COLLECTED DATA:
★ ★ ★ ★ ★

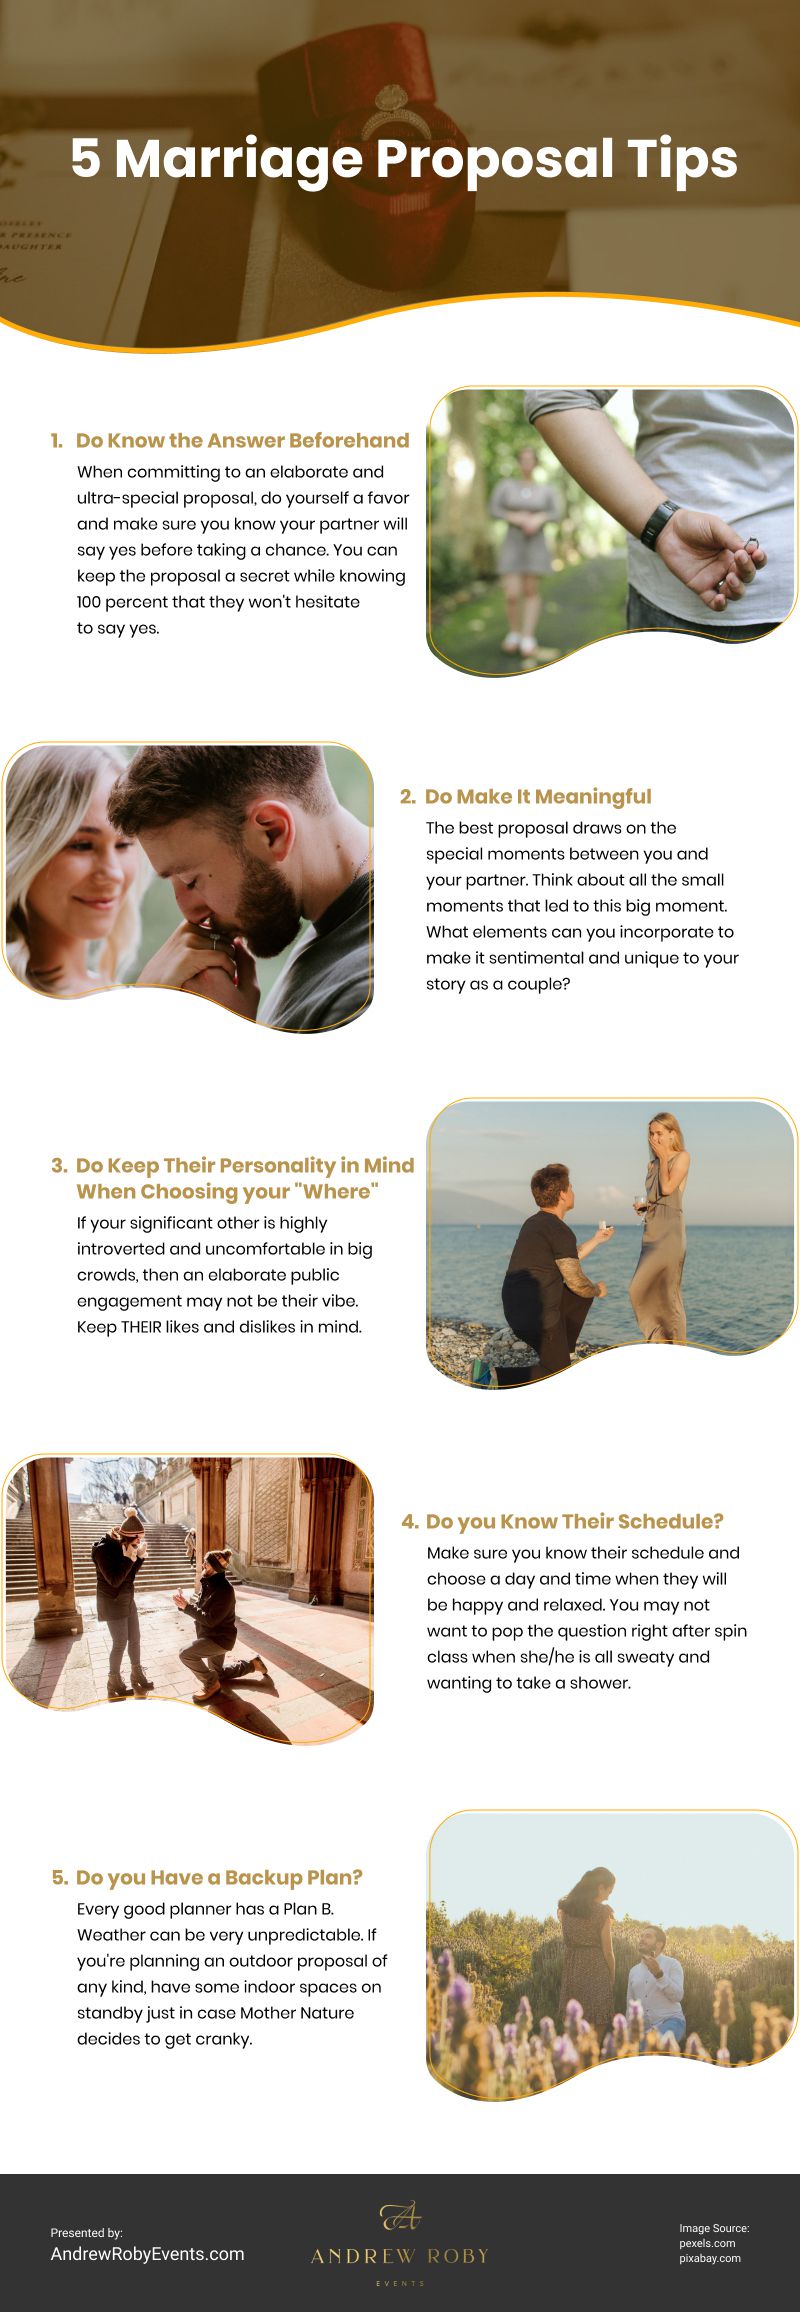 5 Marriage Proposal Tips Infographic
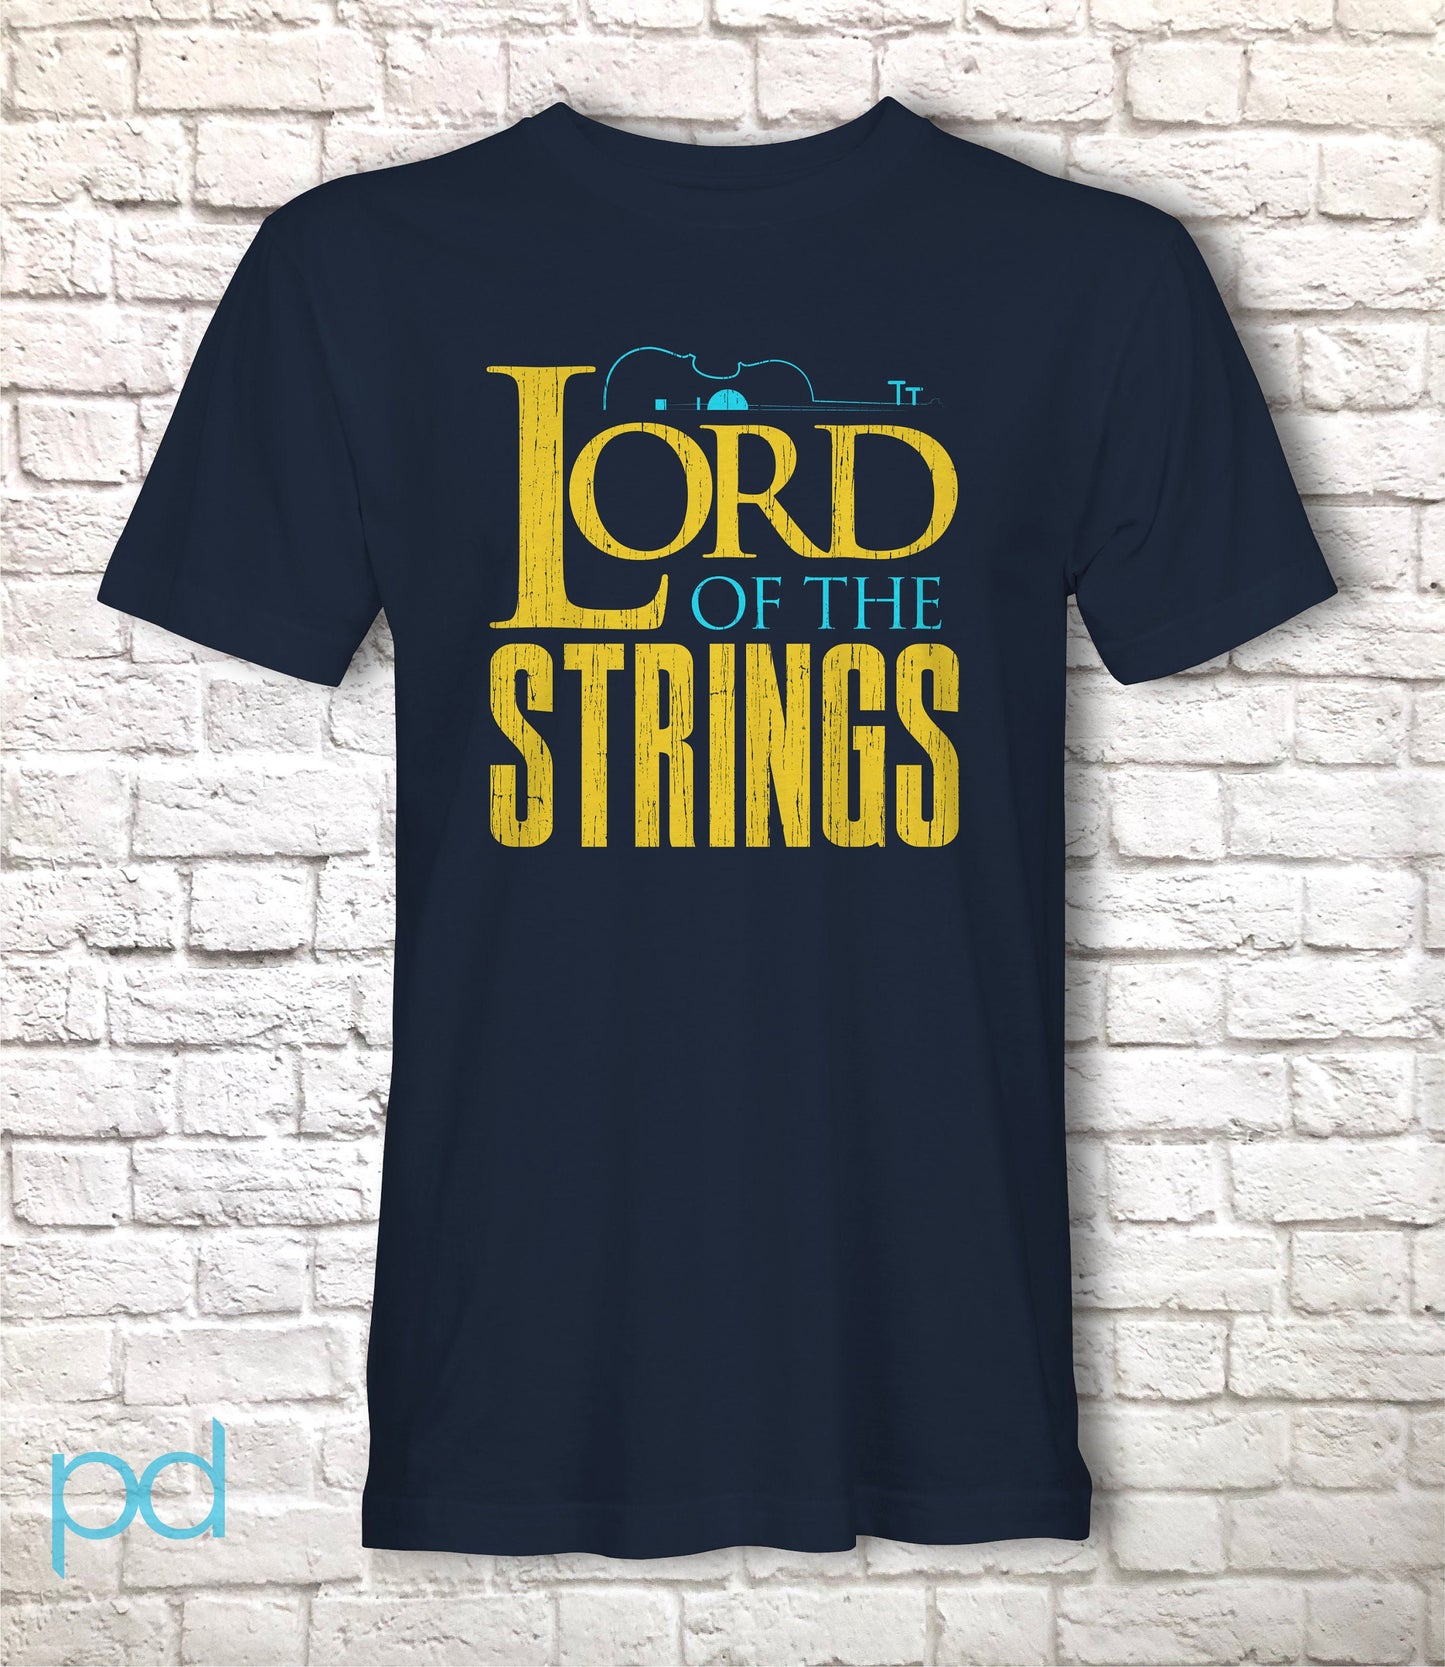 Funny Violin T-Shirt, Violinist Fiddle Player Gift Idea Tee Shirt Top, Lord Of The Strings Parody Spoof
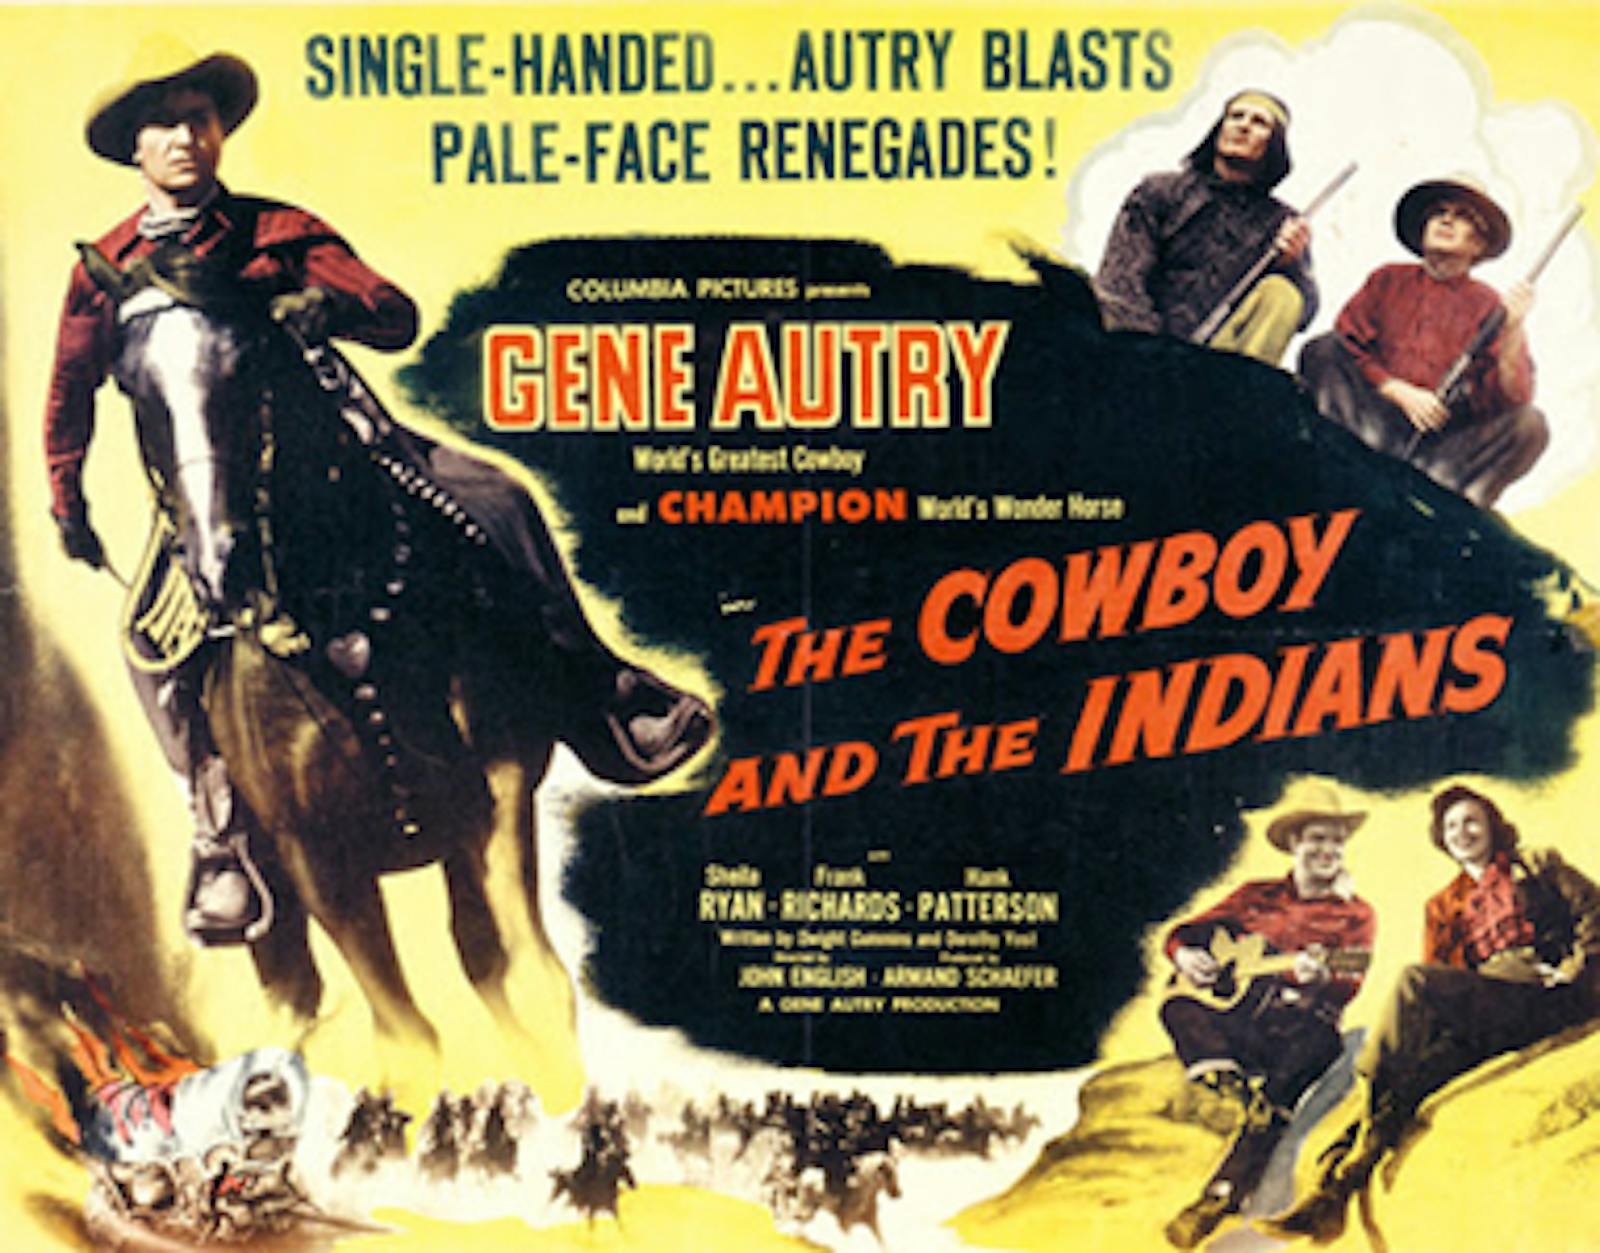 The Cowboy and the Indians lobby card

★ ★ ★ ★ ★

DIRECTIONS:
In your answer, set down the full listing word for word and include no pictures.

EXERCISE RESPONSE:
 5 Marriage Proposal Tips Infographic
 Funny Violin T-Shirt, Violinist Fiddle Player Gift Idea Tee Shirt Top, Lord Of The Strings Parody Spoof
 The Cowboy and the Indians lobby card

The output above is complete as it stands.